Top of Recorded information

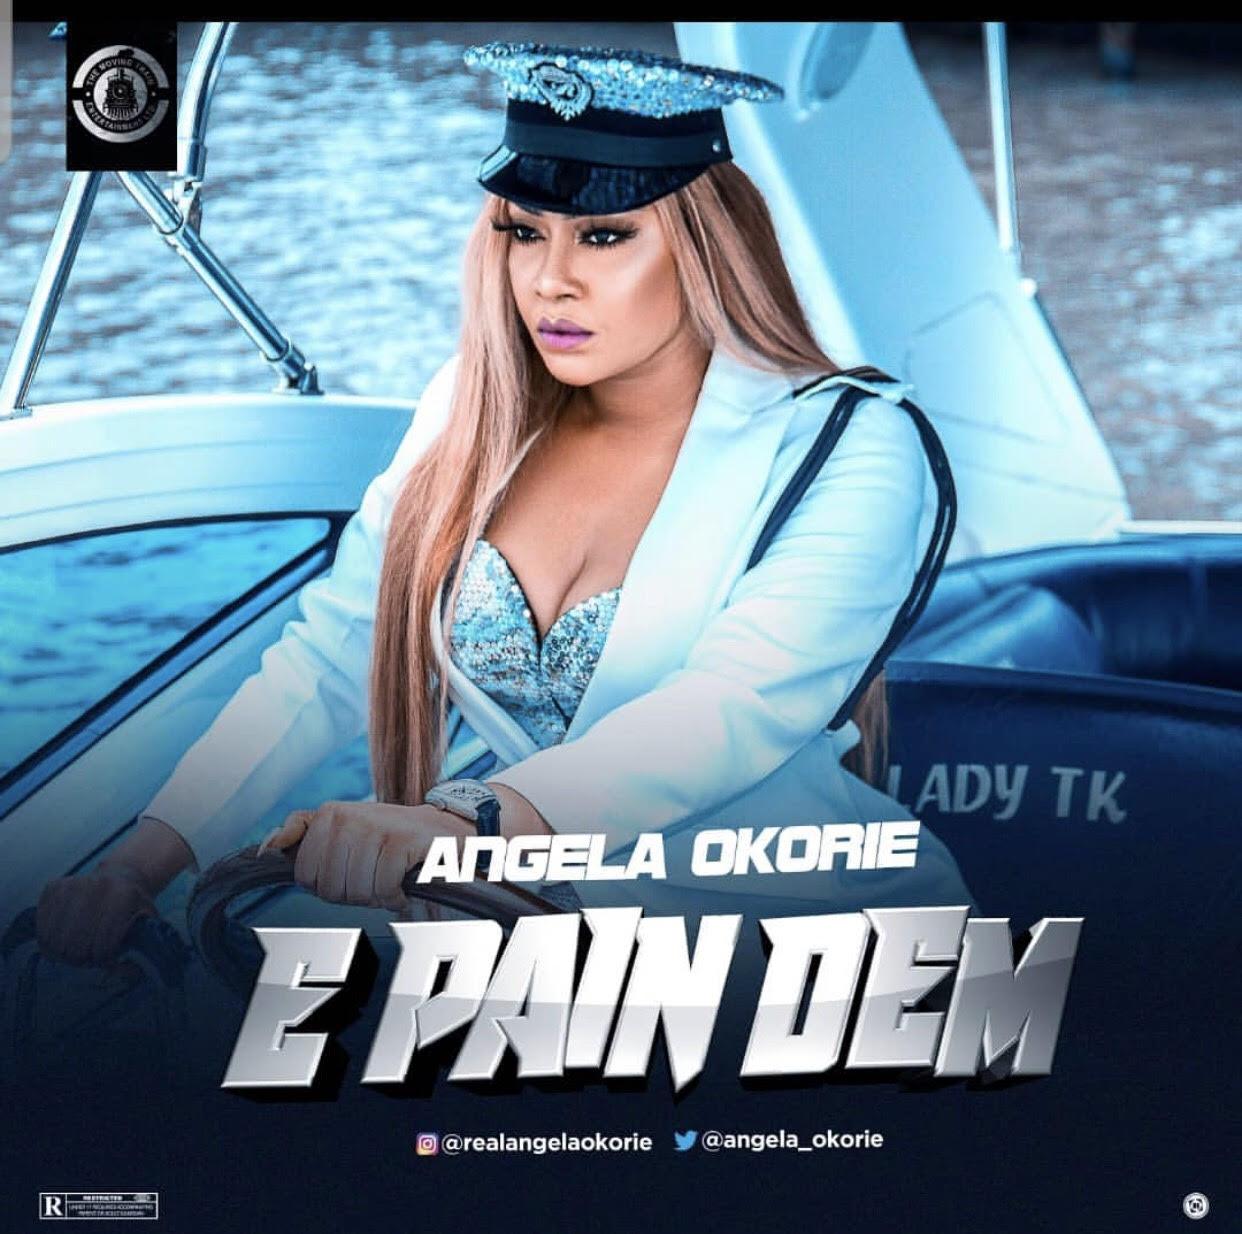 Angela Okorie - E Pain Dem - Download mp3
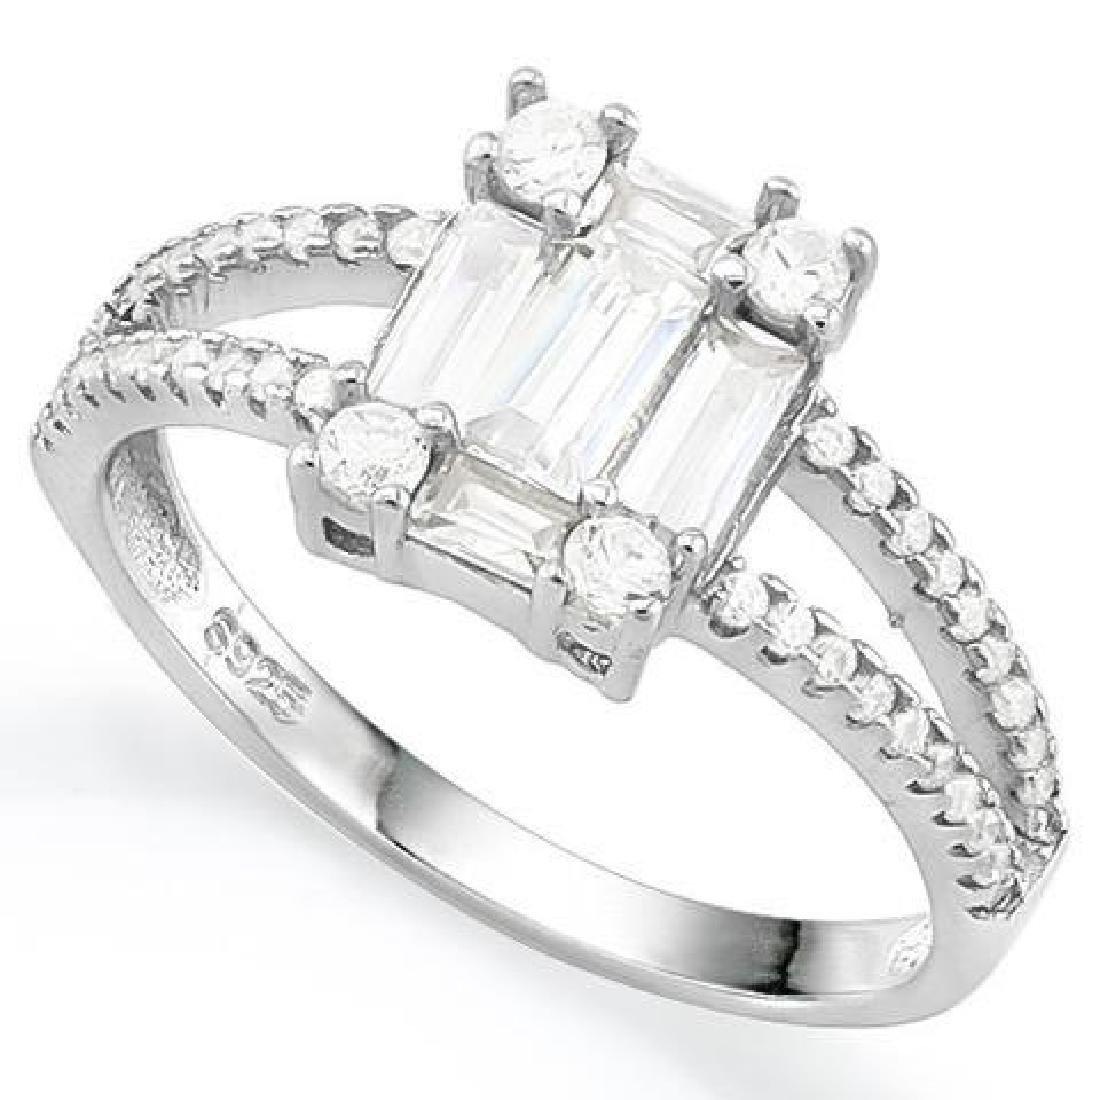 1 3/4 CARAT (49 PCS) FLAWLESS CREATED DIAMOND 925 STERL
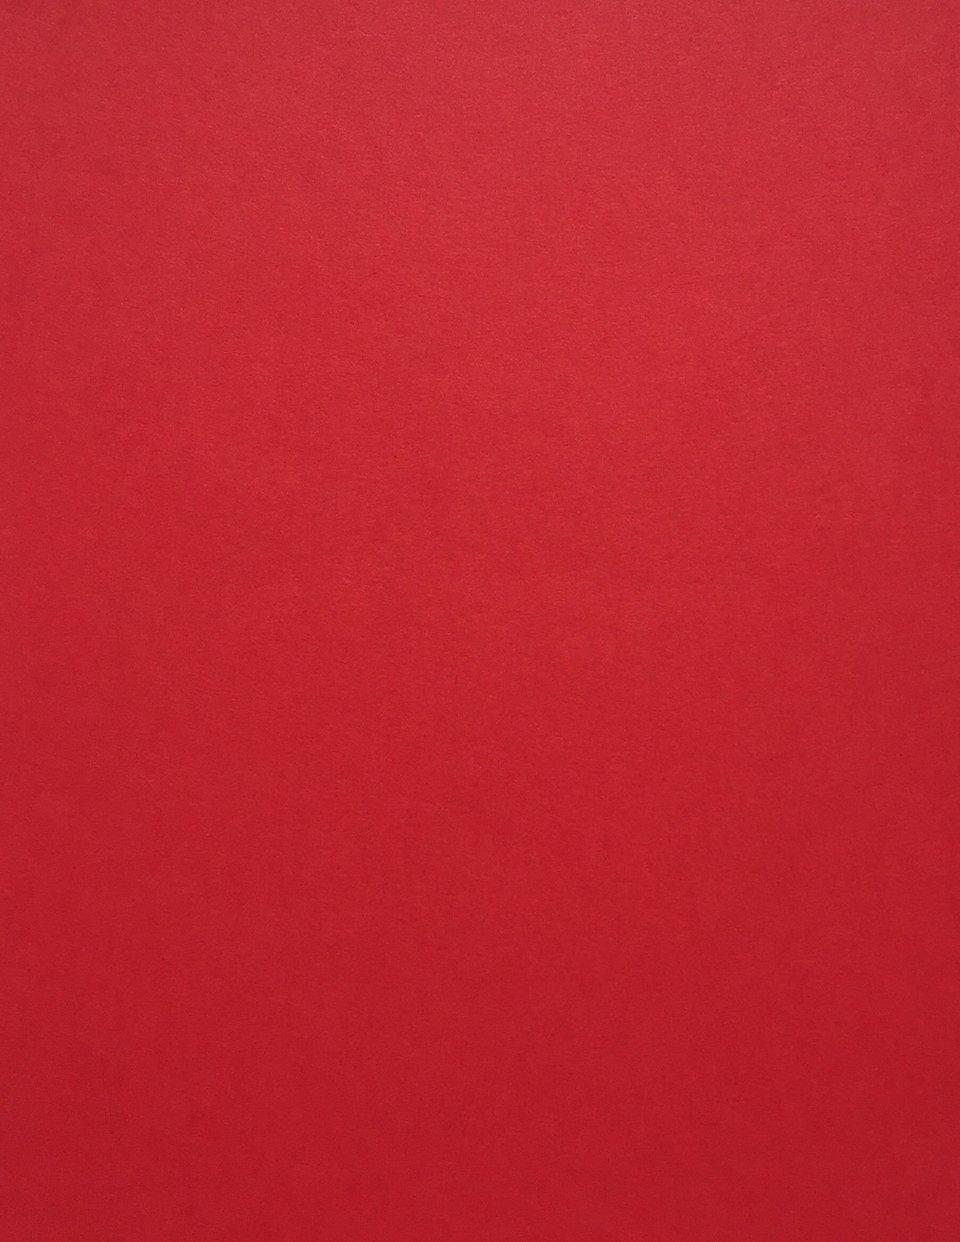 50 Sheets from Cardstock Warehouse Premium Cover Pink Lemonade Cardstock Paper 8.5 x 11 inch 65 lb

Bottom of Recorded information
Top of Recorded information

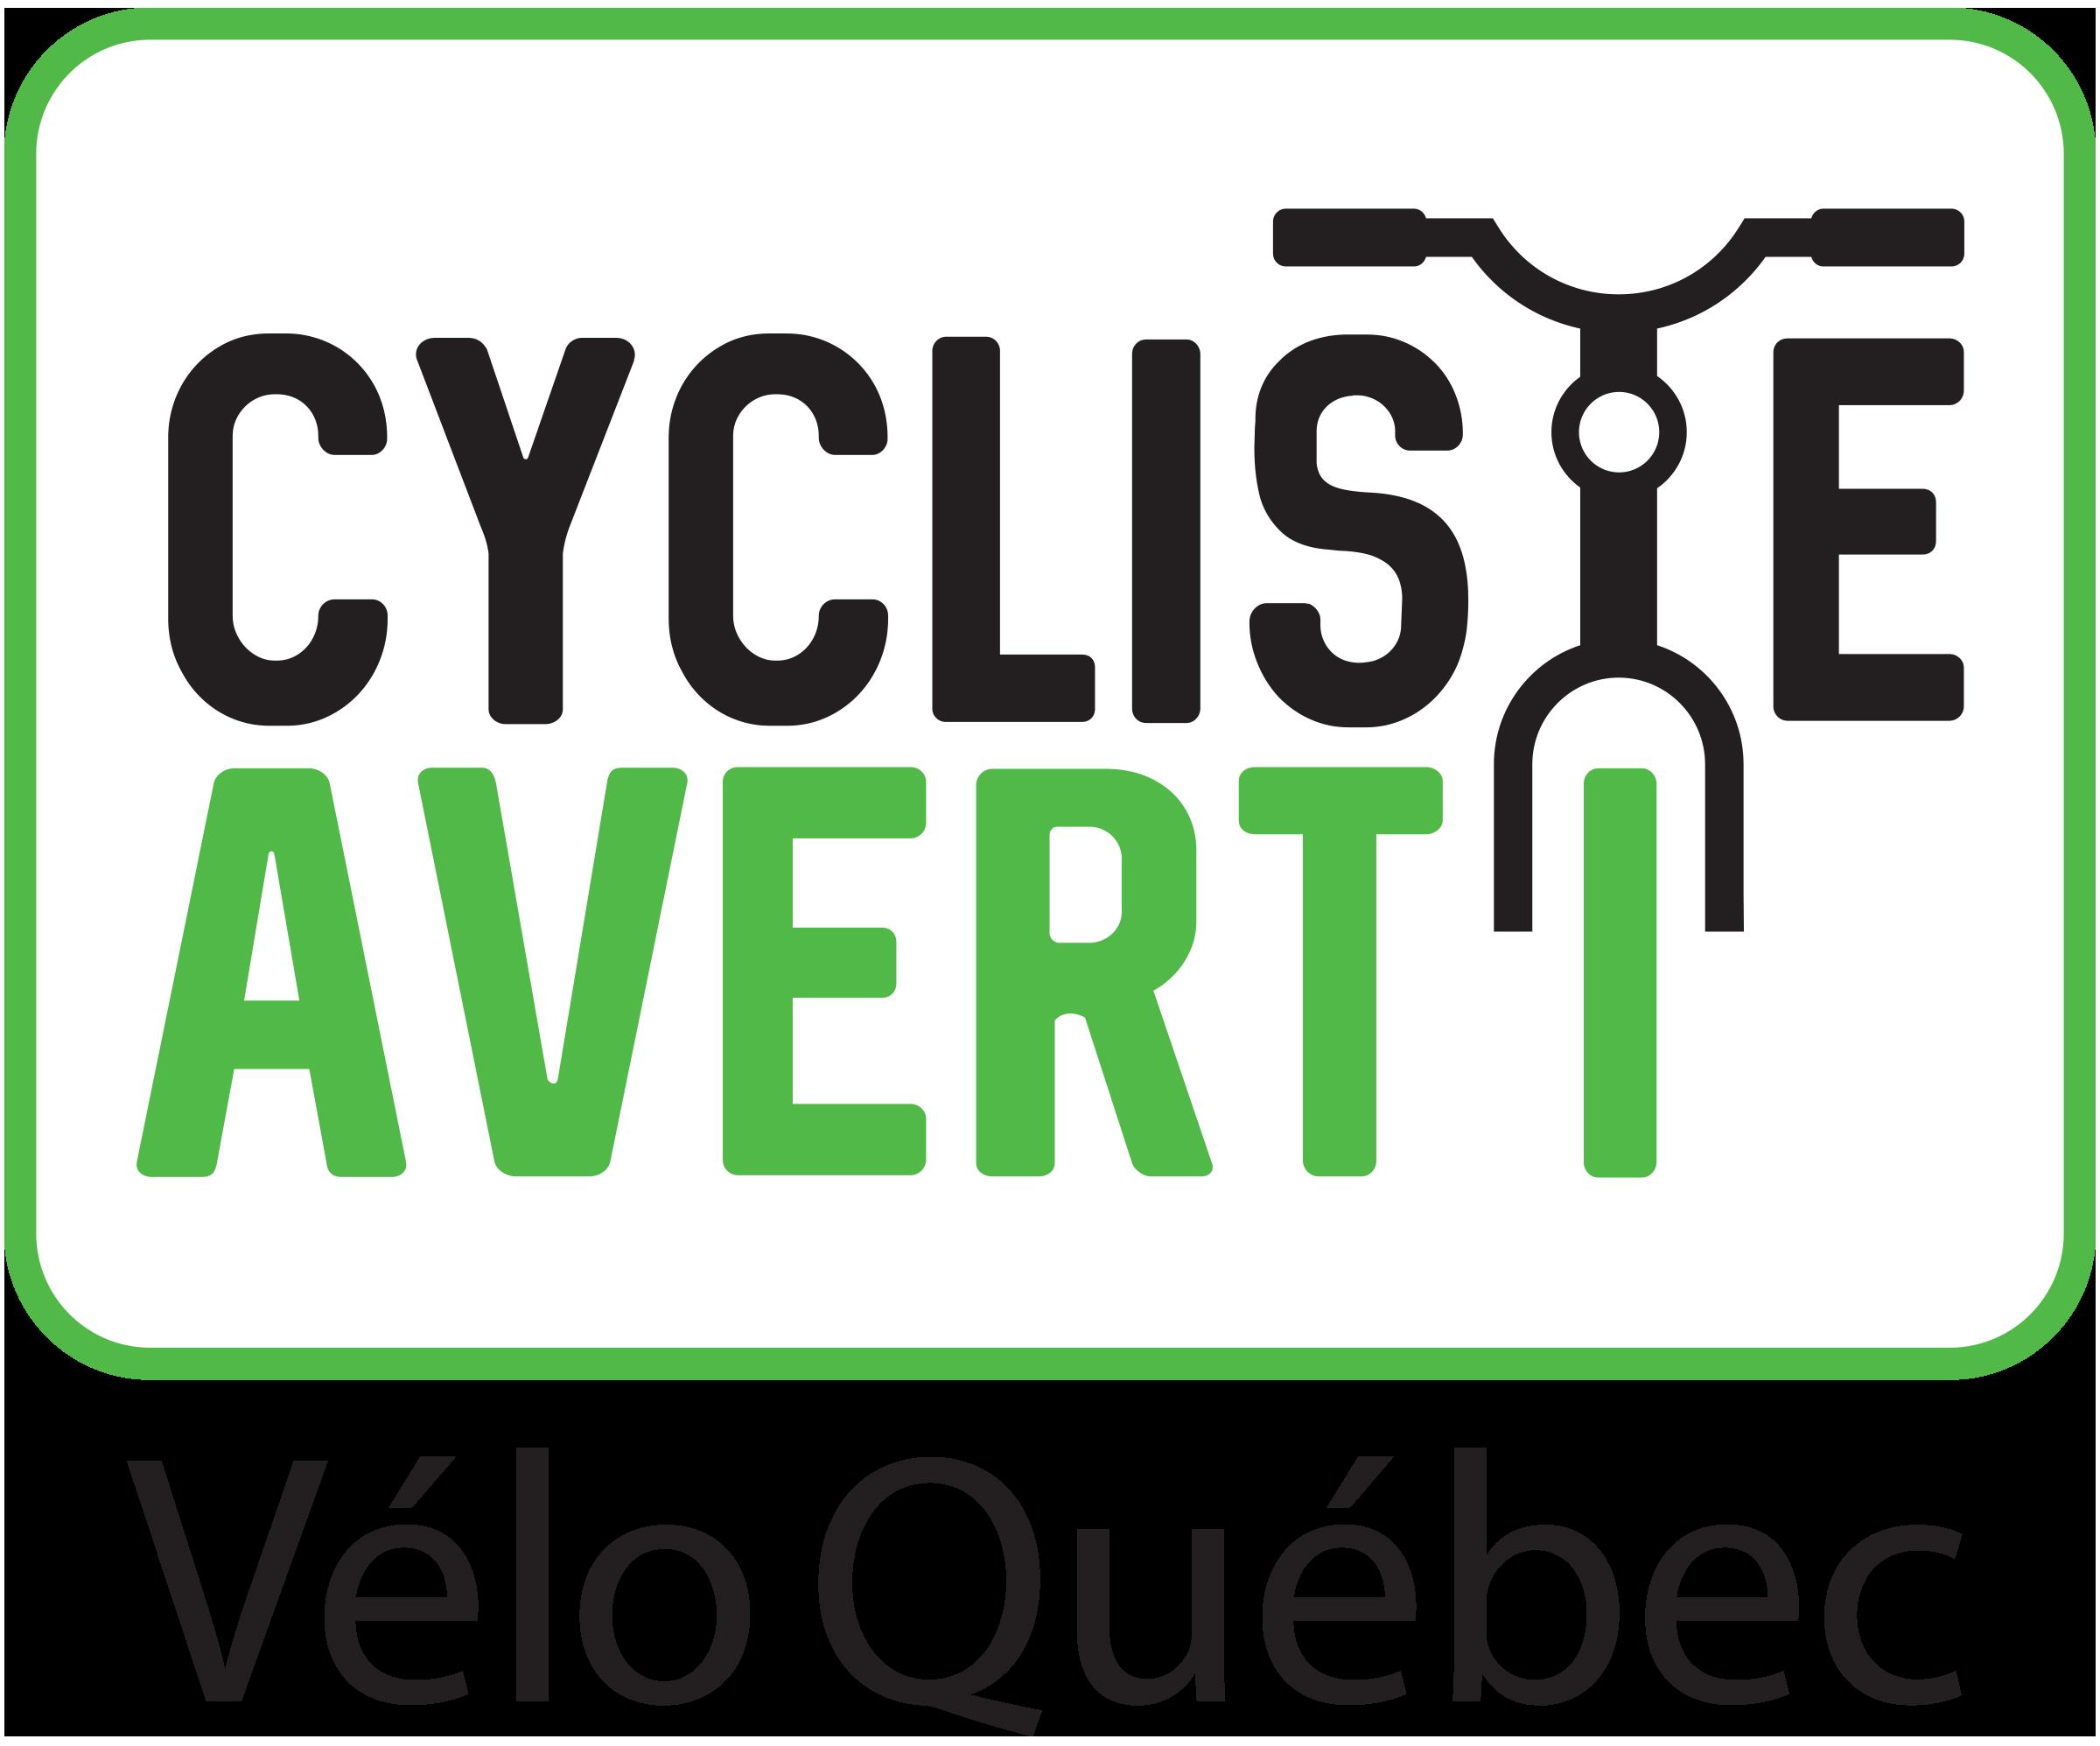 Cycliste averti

Bottom of Recorded information

→ Activity
Reproduce the listing above exactly from the line containing "Angela Okorie - E Pain Dem - Download mp3" up to and including the line containing "50 Sheets from", omitting any images and everything outside those lines.

→ Expected answer
 Angela Okorie - E Pain Dem - Download mp3
 1 3/4 CARAT (49 PCS) FLAWLESS CREATED DIAMOND 925 STERL
 50 Sheets from Cardstock Warehouse Premium Cover Pink Lemonade Cardstock Paper 8.5 x 11 inch 65 lb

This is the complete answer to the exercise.